In 1949, Leo Moser gave a proof of  Bertrand’s postulate in the paper “A theorem of the distribution of primes”(American Mathematical Monthly,624-624,1949,vol56). Maybe this proof  is the simplest one among all proofs of  Bertrand’s postulate.

1. If $$n<p\leqslant 2n$$, then $$p$$ occurs exactly once in $${2n\choose n}$$;
2. If $$n\geqslant 3, \frac{2n}3<p<n$$, then $$p$$ doesn’t occurs in $${2n\choose n}$$;
3. If $$p^2>2n$$, then $$p$$ occurs at most once in $${2n\choose n}$$;
4. If $$2^\alpha\leqslant 2n<2^{\alpha+1}$$, then $$p$$ occurs at most $$\alpha$$ times in $${2n\choose n}$$.

If  $$2^\alpha<2n\leqslant 2^{\alpha+1}$$, suppose there is no prime $$p$$ with

$$n<p<2n,$$

then

$${2n\choose n}\leqslant{2a_1\choose a_1}{2a_2\choose a_2}\dotsm{2\choose 1}\bigg({2a_k\choose a_k}{2a_{k+1}\choose a_{k+1}}\dotsm{2\choose 1}\bigg)^\alpha,$$

where $$a_1=\big[\frac{n+1}3\big], k=\big[\frac{\alpha+1}2\big]$$, and $$a_i=\big[\frac{a_{i-1}+1}3\big]$$, for $$i=2,\,3,\,\dotsc\,.$$

By $$1,\,2,\,3$$ and $$(1)$$, every prime which appears on the left-hand side of $$(2)$$ appears also on the right; and those primes which appear with multiplicity greater than $$1$$ on the left appear on the right with multiplicity at least $$2\alpha+1$$, which by $$4$$ is at least equal to the multiplicity with which they appear on the left.

On the other hand, It is obvious that

$$2n>2a_1+2a_2+\dotsb+ 2+\alpha(2a_k+2a_{k+1}+\dotsb+2)$$

for $$n>2^{11}.$$ Hence the inequality in $$(2)$$ should be reversed. So for $$n>2^{11}$$, we have a contradiction which proves Bertrand’s postulate for these values of $$n$$.

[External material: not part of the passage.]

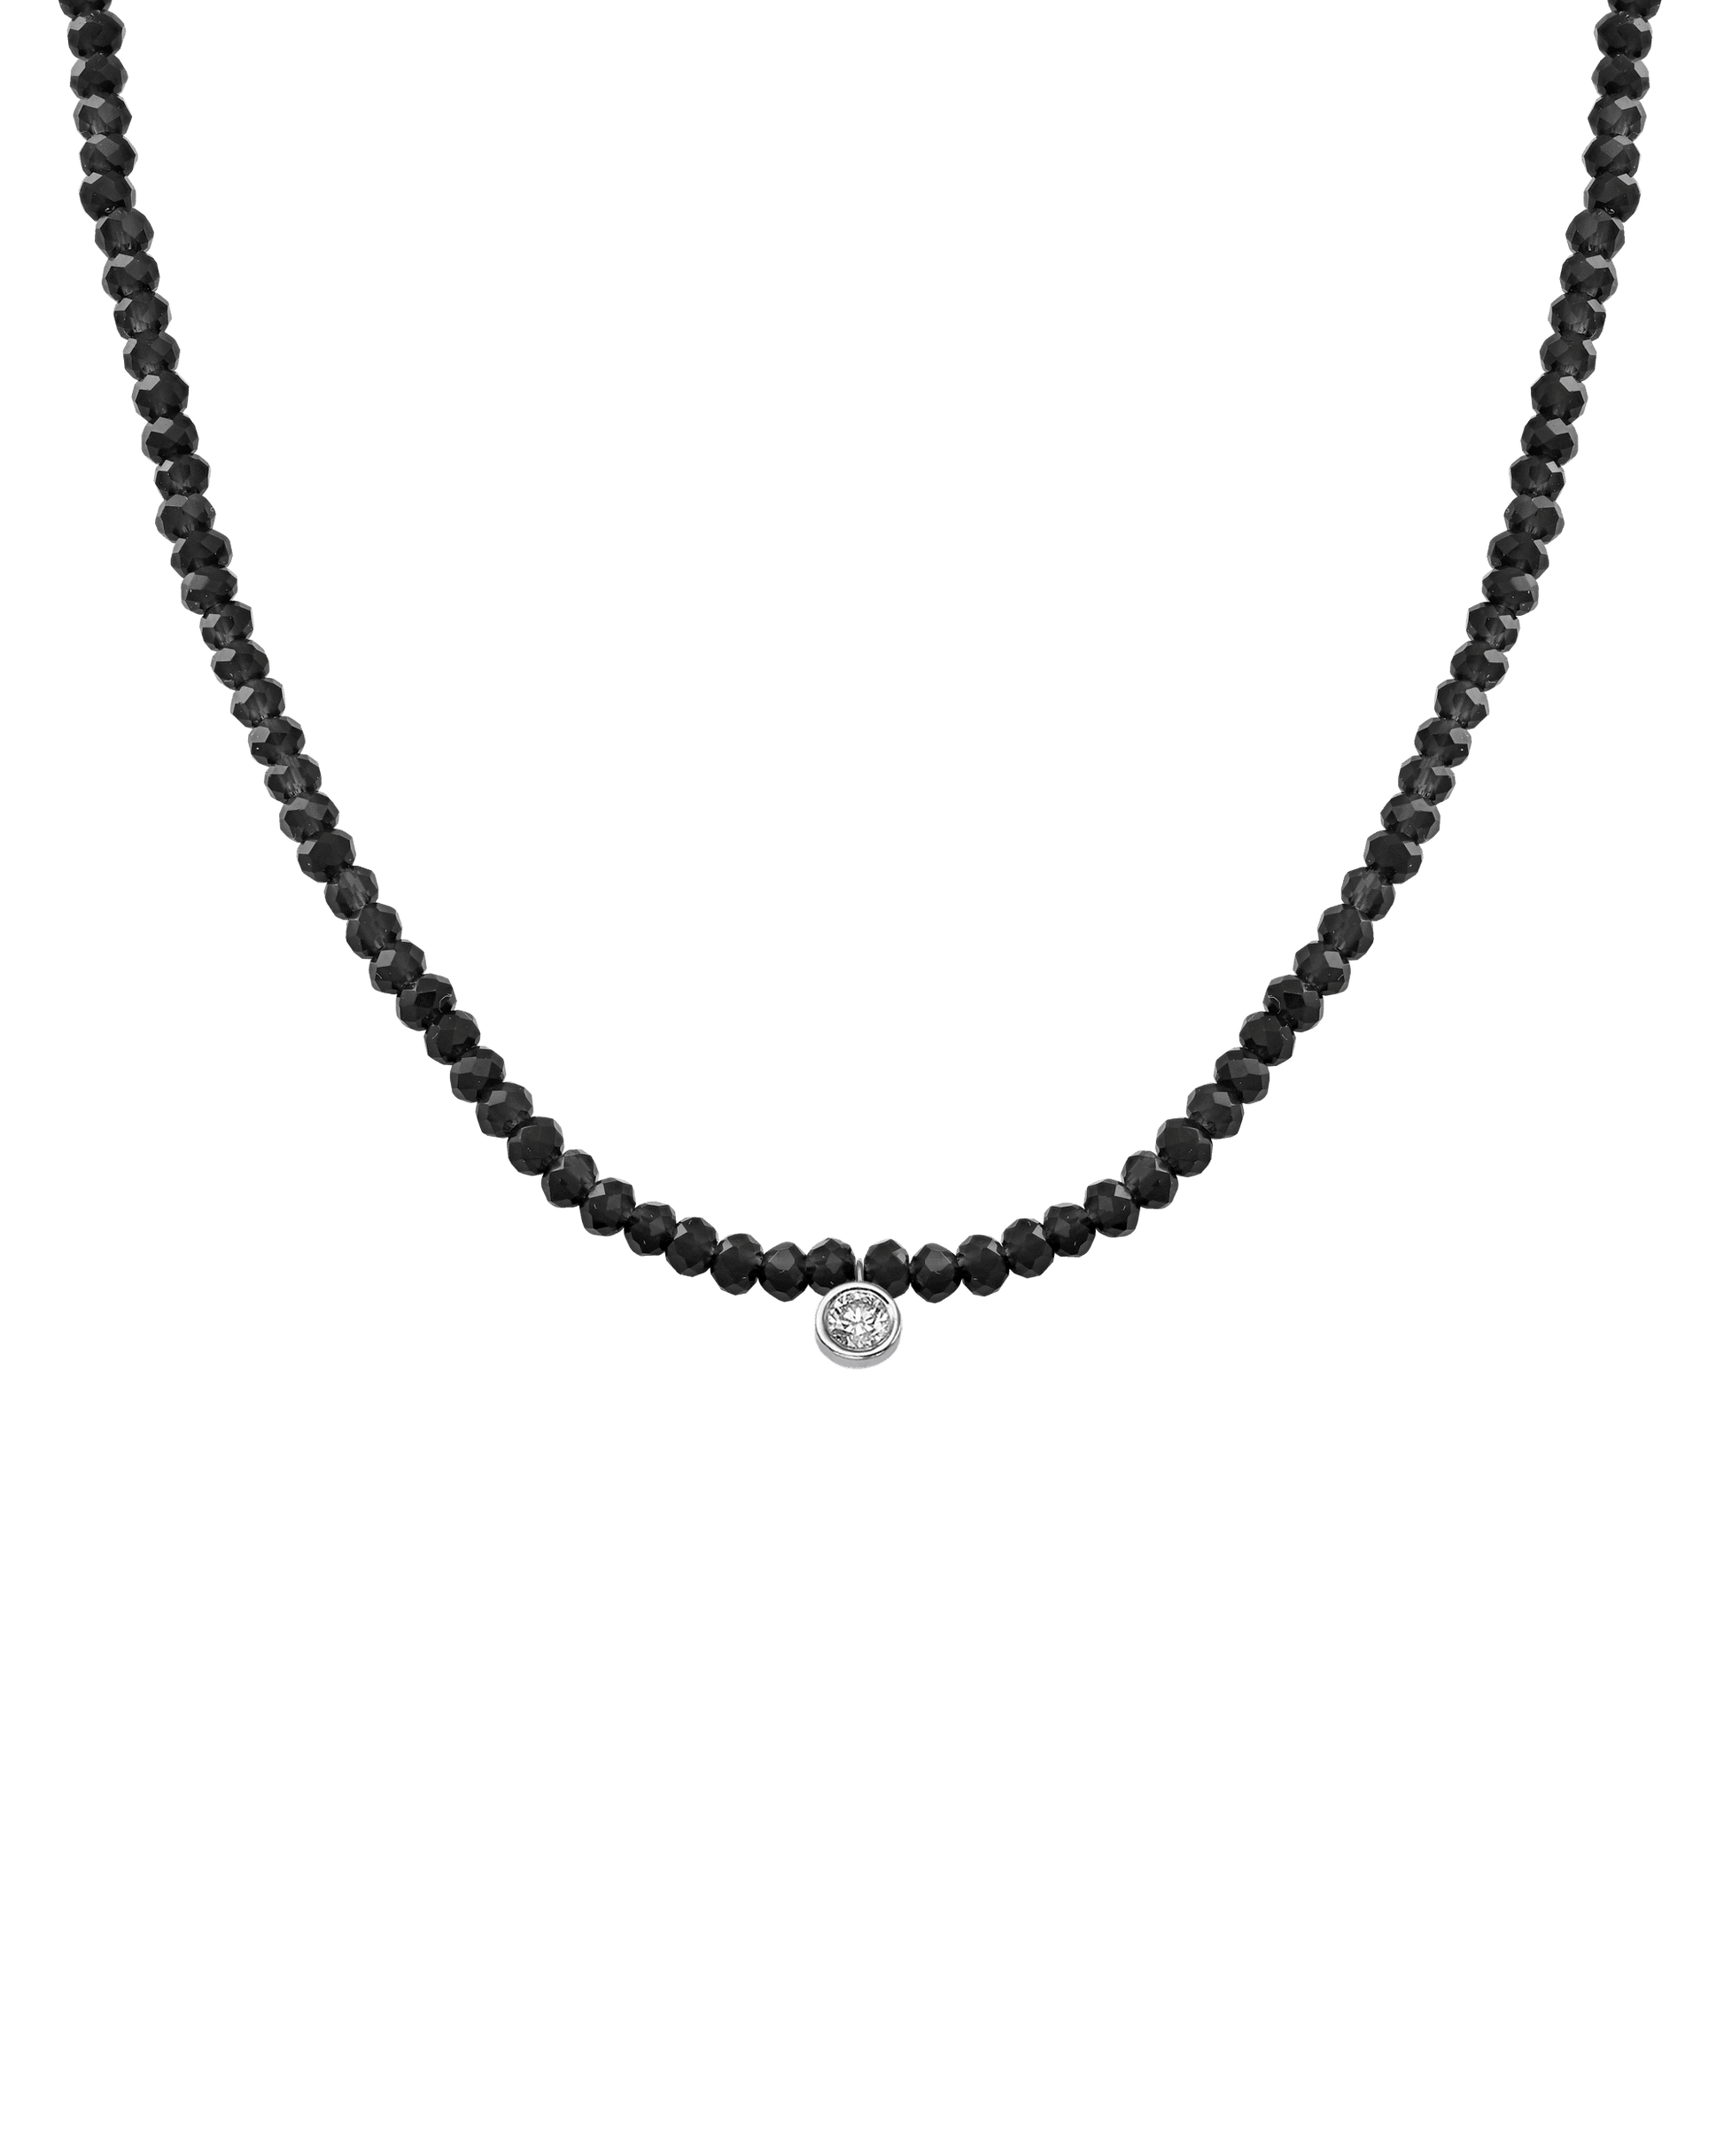 Apatite Gemstone & Diamond Necklace - 14K White Gold Necklaces 14K Solid Gold Glass Beads Black Spinnel Large: 0.10ct 14"

Sylvester’s theorem  the binomial coefficient

$${n\choose k}=\frac{n(n-1)(n-2)\cdots(n-k+1)}{k!}$$

has a prime divisor $$p$$ greater than $$k$$. In other words, if $$n\geq 2k$$, then the product of  $$k$$ consecutive integers greater than $$k$$ is divisible by a prime greater than $$k$$. Note that for $$n=2k$$ we obtain precisely Bertrand’s postulate.

Theorem

1. if $$n>6$$ is an integer, then there always exists at least two prime numbers $$p$$, one  is the form $$4k+1$$ and the other $$4k+3$$, such that $$n<p<2n$$.
2. if $$k$$ is a positive  integer, then there always exists a positive  integer $$N$$ such that  for every  integer $$n>N$$,  there exist at least $$k$$ prime numbers $$p$$ such that $$n<p<2n$$.
• 对任意正整数 $$n>6$$ ,  至少存在一个 $$4k+1$$ 型和一个 $$4k+3$$  型素数 $$p$$  使得  $$n<p<2n$$.
• 对任意正整数 $$k$$,  存在正整数 $$N$$,  使得只要正整数 $$n>N$$,  就存在 $$k$$ 个素数 $$p$$ 使得 $$n<p<2n$$.